Over the last 30 years, Gutierrez has had the opportunity to watch dozens of children grow into adults, and while she can’t put a number on how many children she has helped raise, she knows it’s a lot.

“It makes me happy to see the kids grow up here,” she said. “Sometimes it gets hard because the teenagers don’t like to listen; they are different from the babies. But I love to watch them grow up here with us.”

Gutierrez said the best part of her day is when she arrives at work around 6 a.m., ready to start a new day.

“I’m fresh and I have all my energy and I’m ready to work with the kids,” she said. “I call them my babies, and they call me ‘mommy.’ Everything I do with them is the best part. They have a respect for me that I also have for them.”

While helping them with basic needs, like eating, showering and dressing are the main components of her job, Gutierrez loves the time she gets to spend with the kids teaching them fun life skills, like how to ride a bike or swim. She also helps them with their homework, works with them on reading and math skills, and assists physical therapists and other specialists who come into Hope House to assist the children.

She’s also known around Hope House for keeping tabs on every single child’s clothing and shoe sizes.

“If the kids need new clothes or shoes, I’ll find it for them,” she said. “I know their sizes, what they like and what they don’t like. Everybody always asks me what sizes the kids are in because they know I will be able to tell them.”

Gutierrez also gets to join the children on fun outings, like field trips, which are always an adventure, she said.

“One time we were taking the kids to an outlet mall, and one of the kids went to the elevator and took it all the way down and left us at the top,” she recalled. “I was scared because he took it down by himself. I left the other kids with the rest of the staff and went running to find him. When I got down to him, he was just laughing. I was so scared, but he was laughing. I have a lot of stories like that here — so many memories.”

Schulz said Gutierrez is one of several Hope House employees who has served the organization for years.

“It's the residents here who benefit, and we are so blessed to have [these long-term employees],” he said.

Dave Gould, Hope House executive director, agreed and said he has had the pleasure to work alongside Gutierrez for the 15 years that he has been employed by Hope House.

“She was a veteran staff [member] at that point,” he said. “She provides such stability and compassion for our kids and her staff that work with her.  She is one of the best natural childcare workers I’ve ever seen.”
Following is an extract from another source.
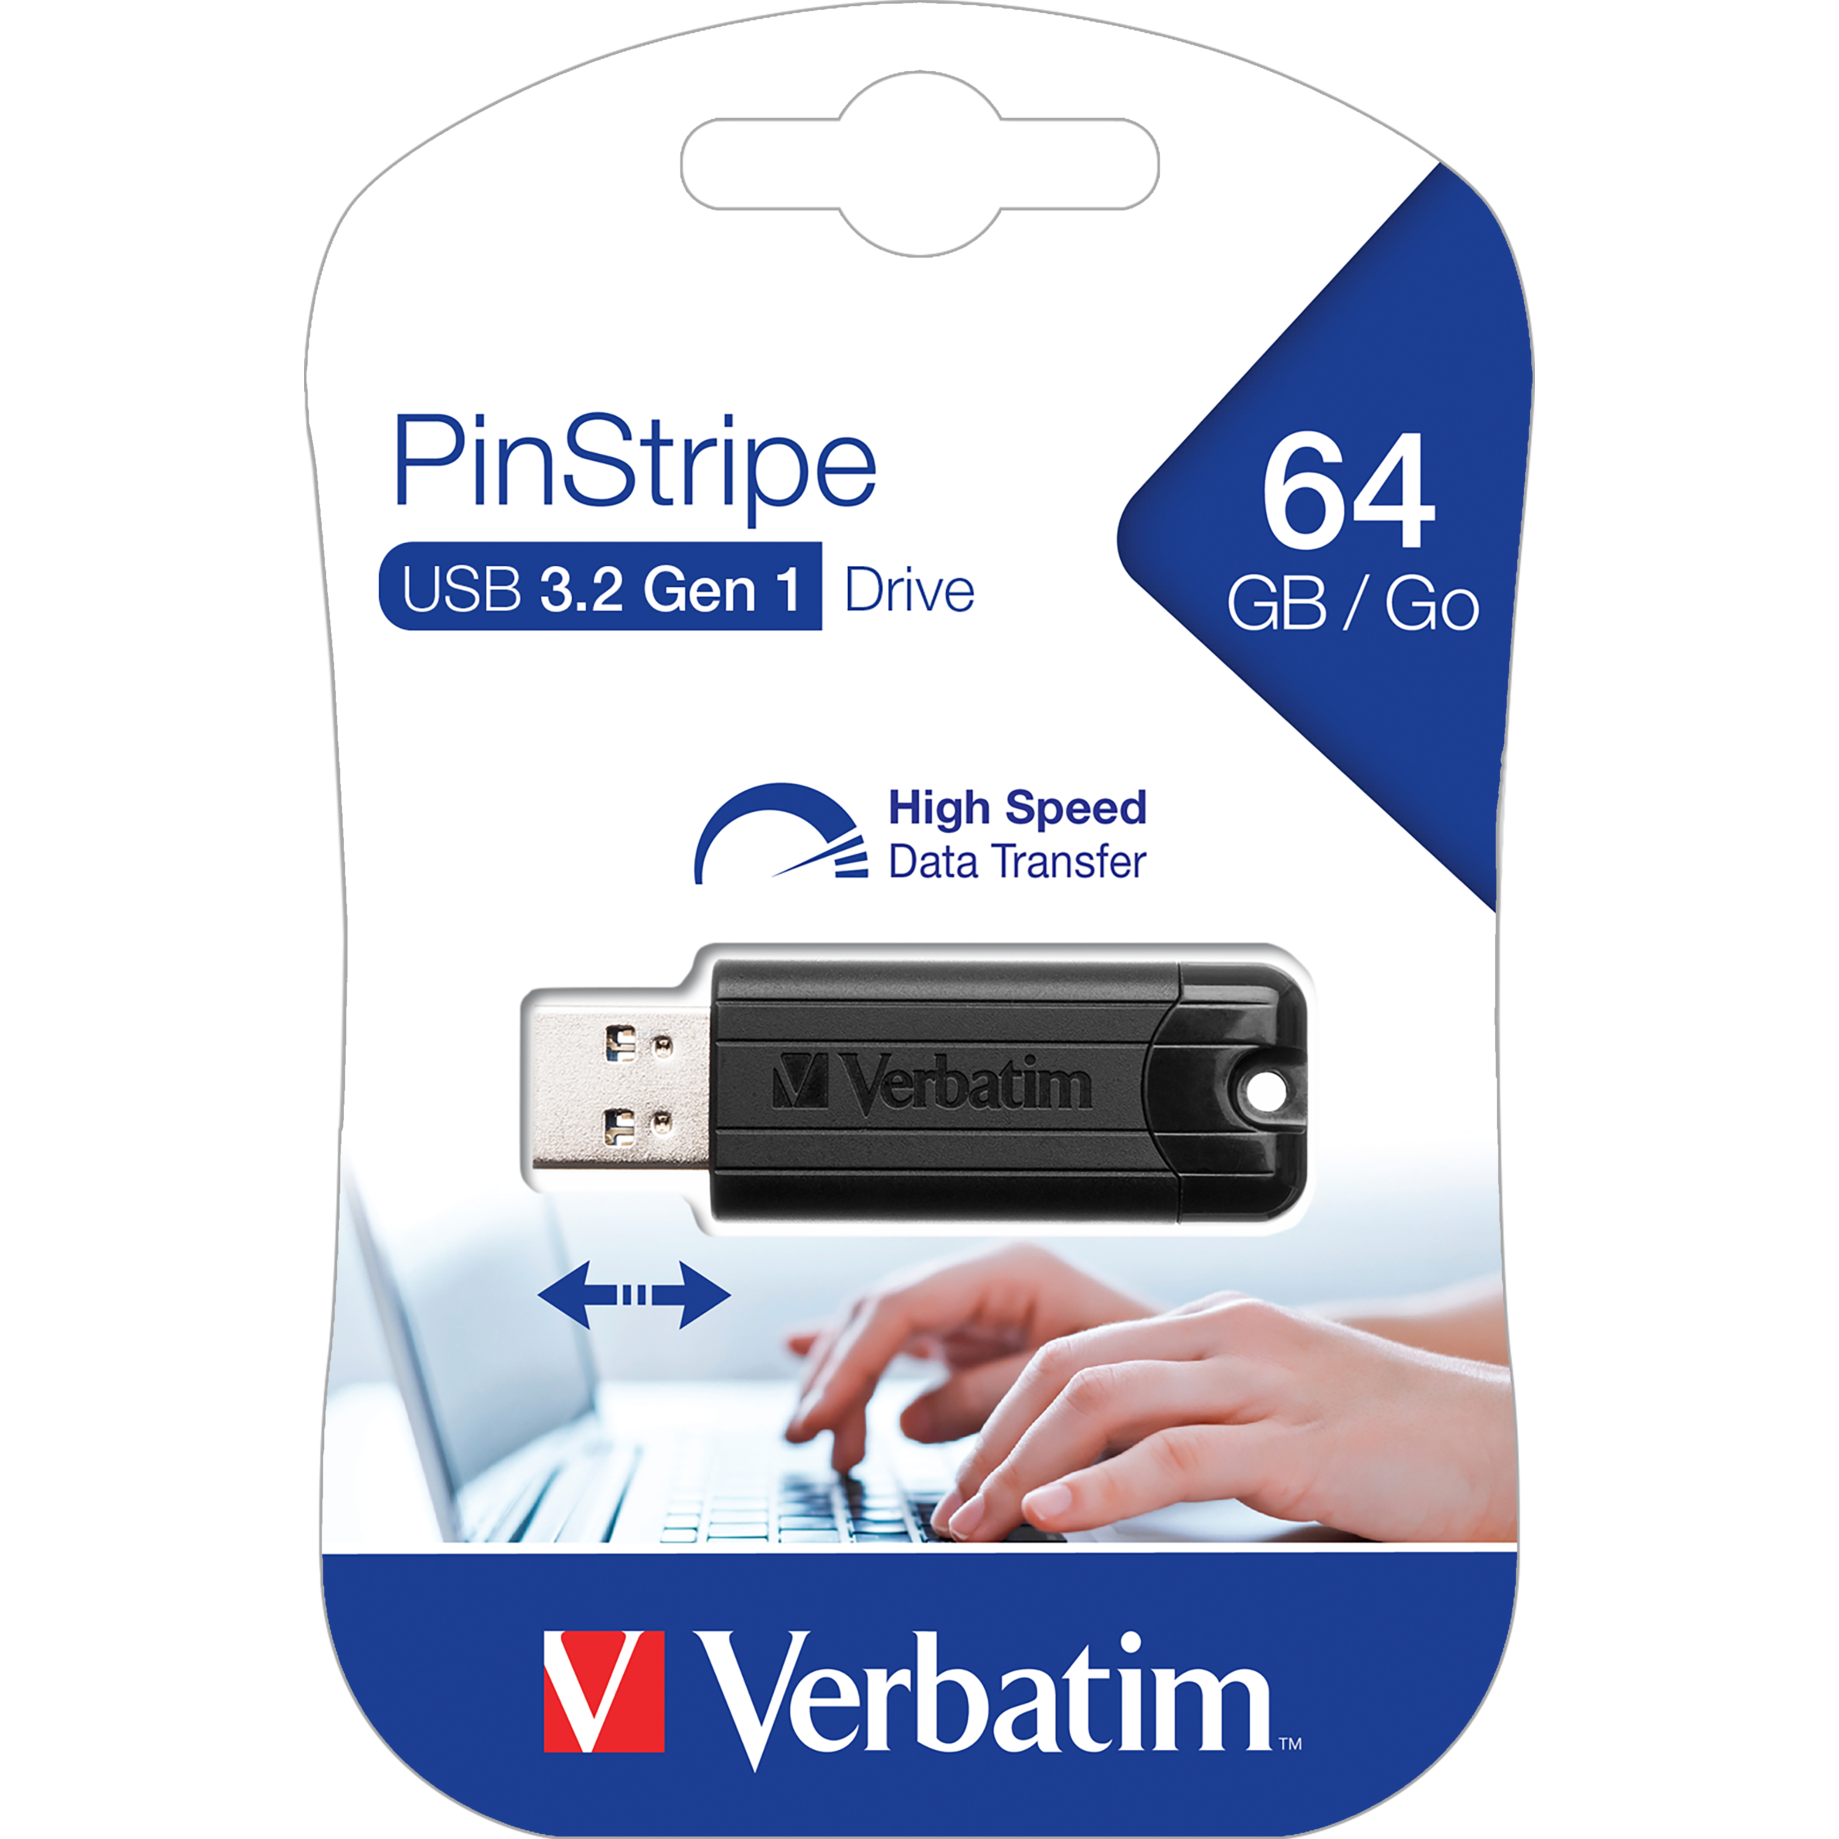 USB 3.0 Stick PinStripe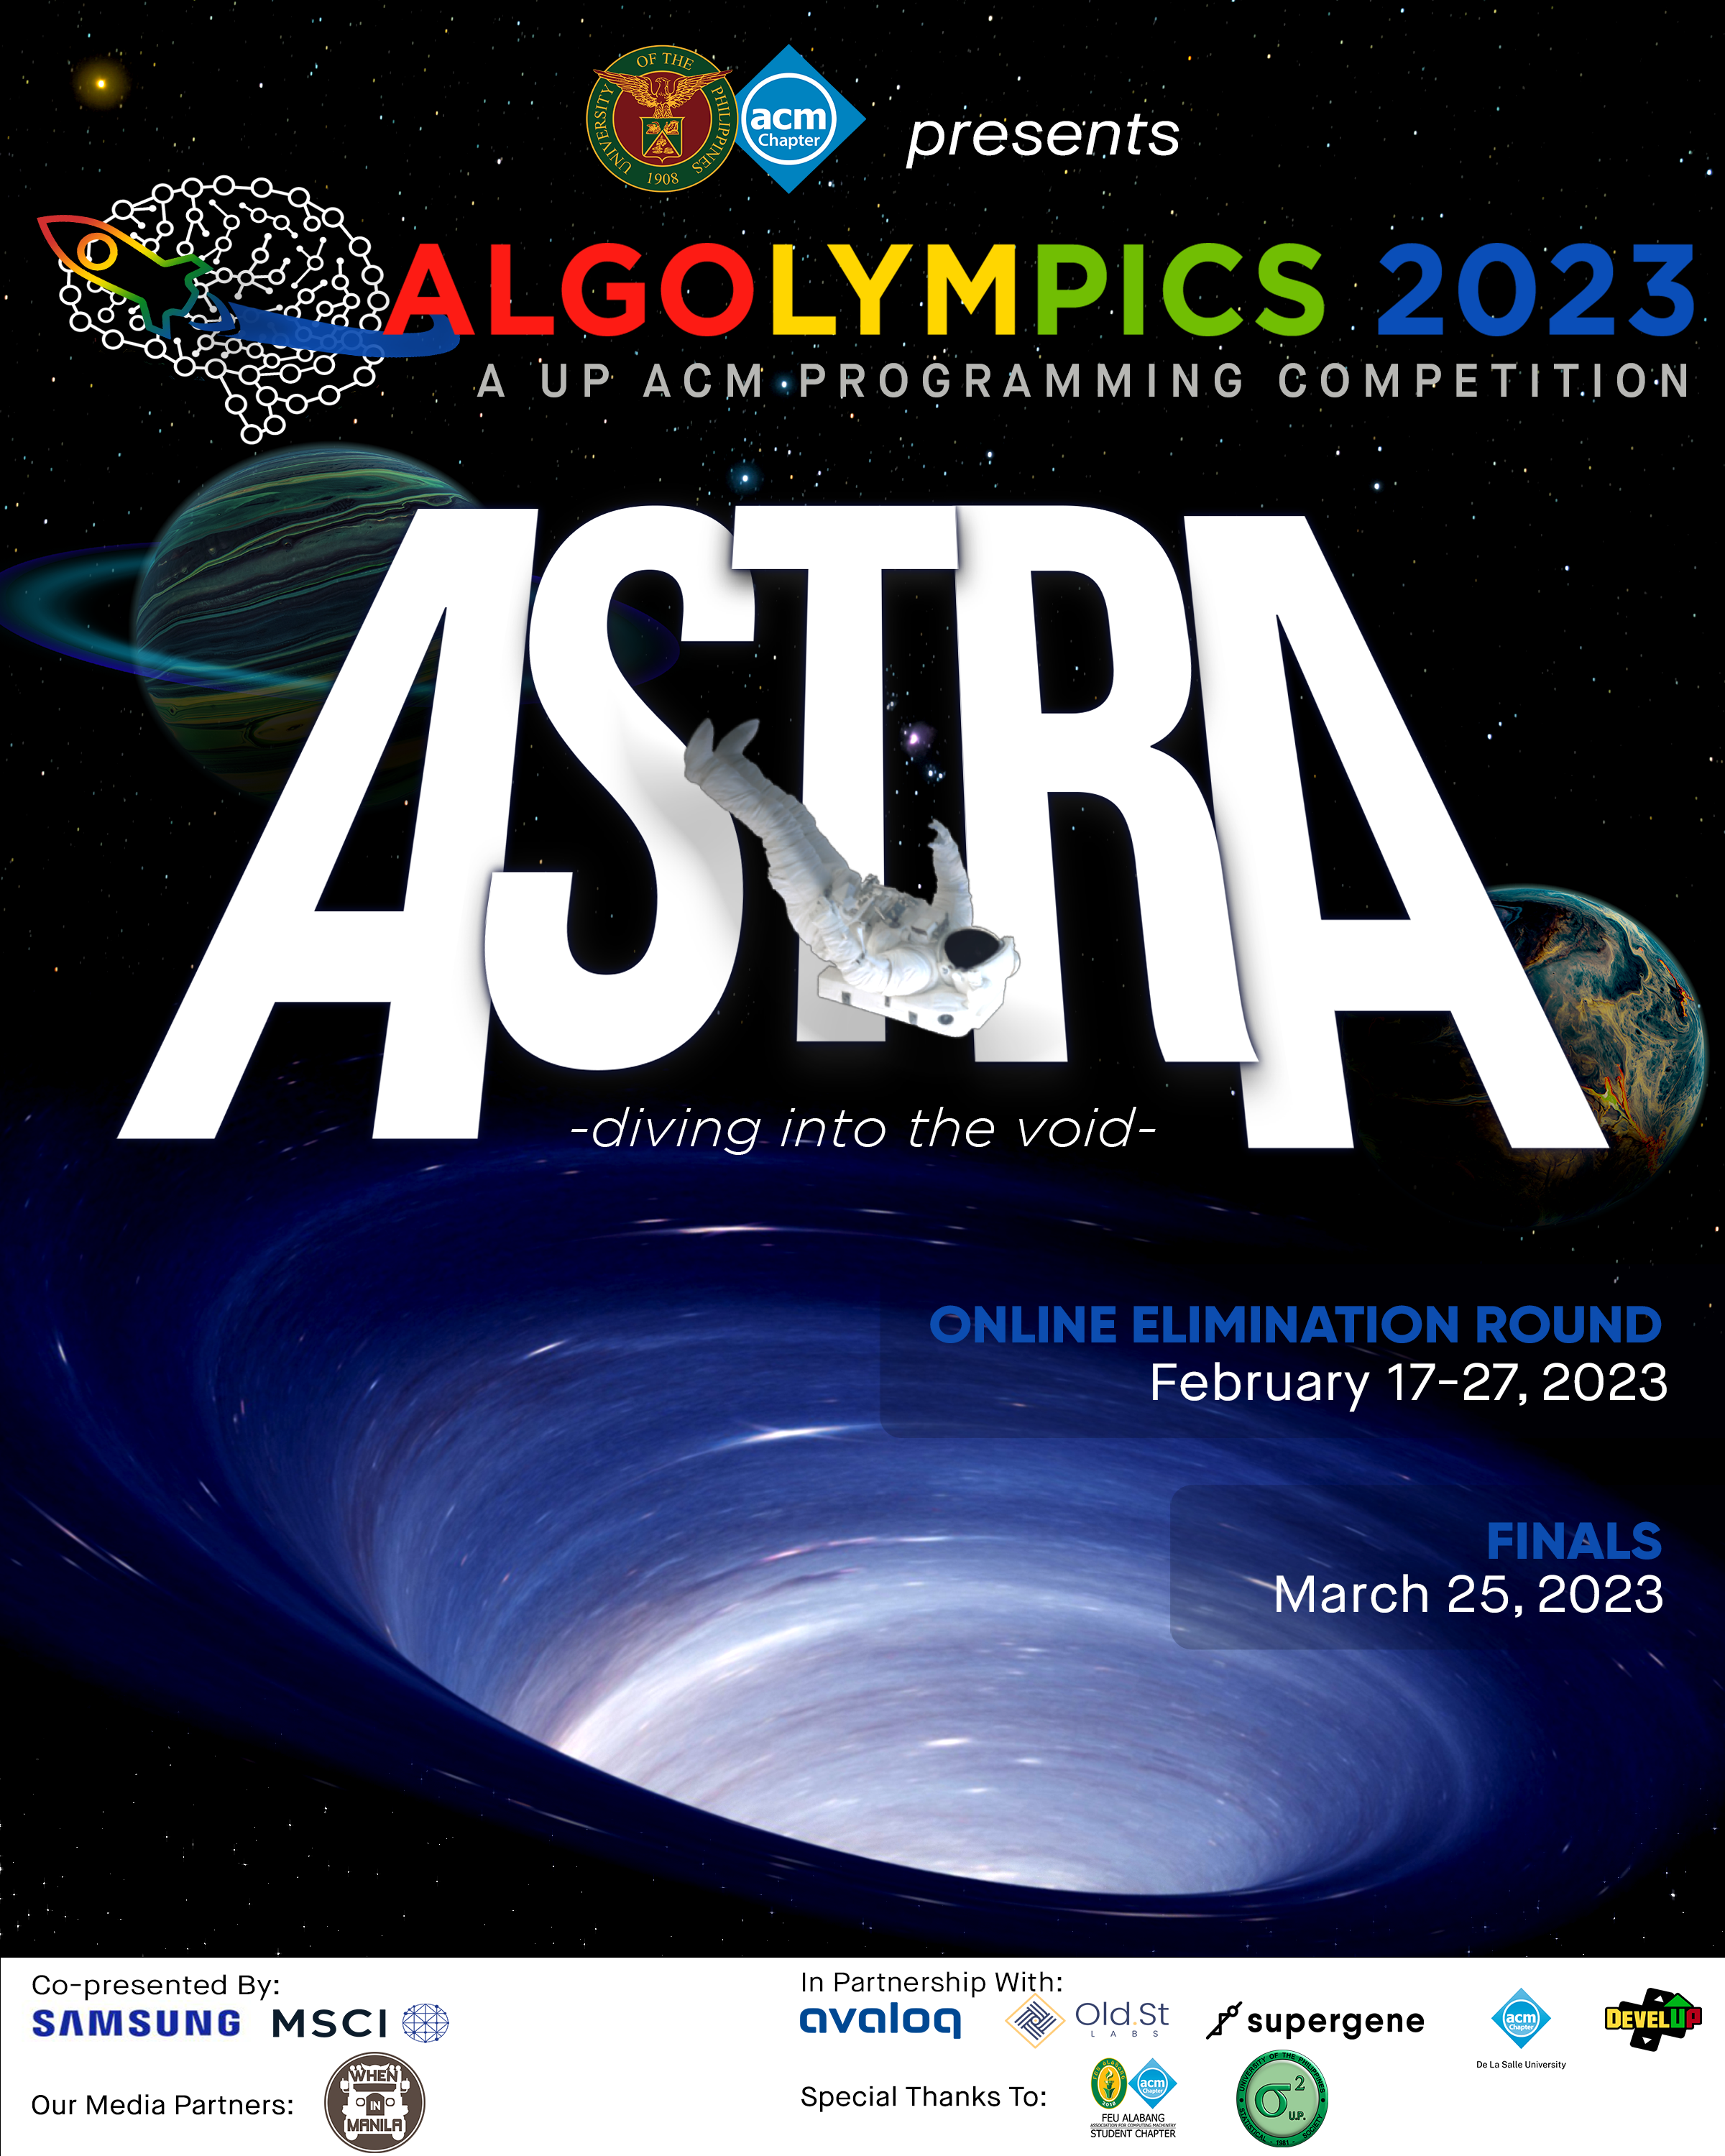 UP ACM Algolympics 2023 Astra

Gutierrez said working at Hope House for the last three decades has been the joy of her life, and she hopes that other people might be inspired to commit so many years to the organization, because of how wonderful the kids have been, she added.

While she doesn’t know what the future will bring, Gutierrez is certain of one thing -- she plans on being at Hope House as long as possible.

“I was just talking about that with my daughter,” she said. “She asked me how long I was going to work here. I told her until Hope House goes away, I’ll be here. I will be walking in here with my cane to hold me up.”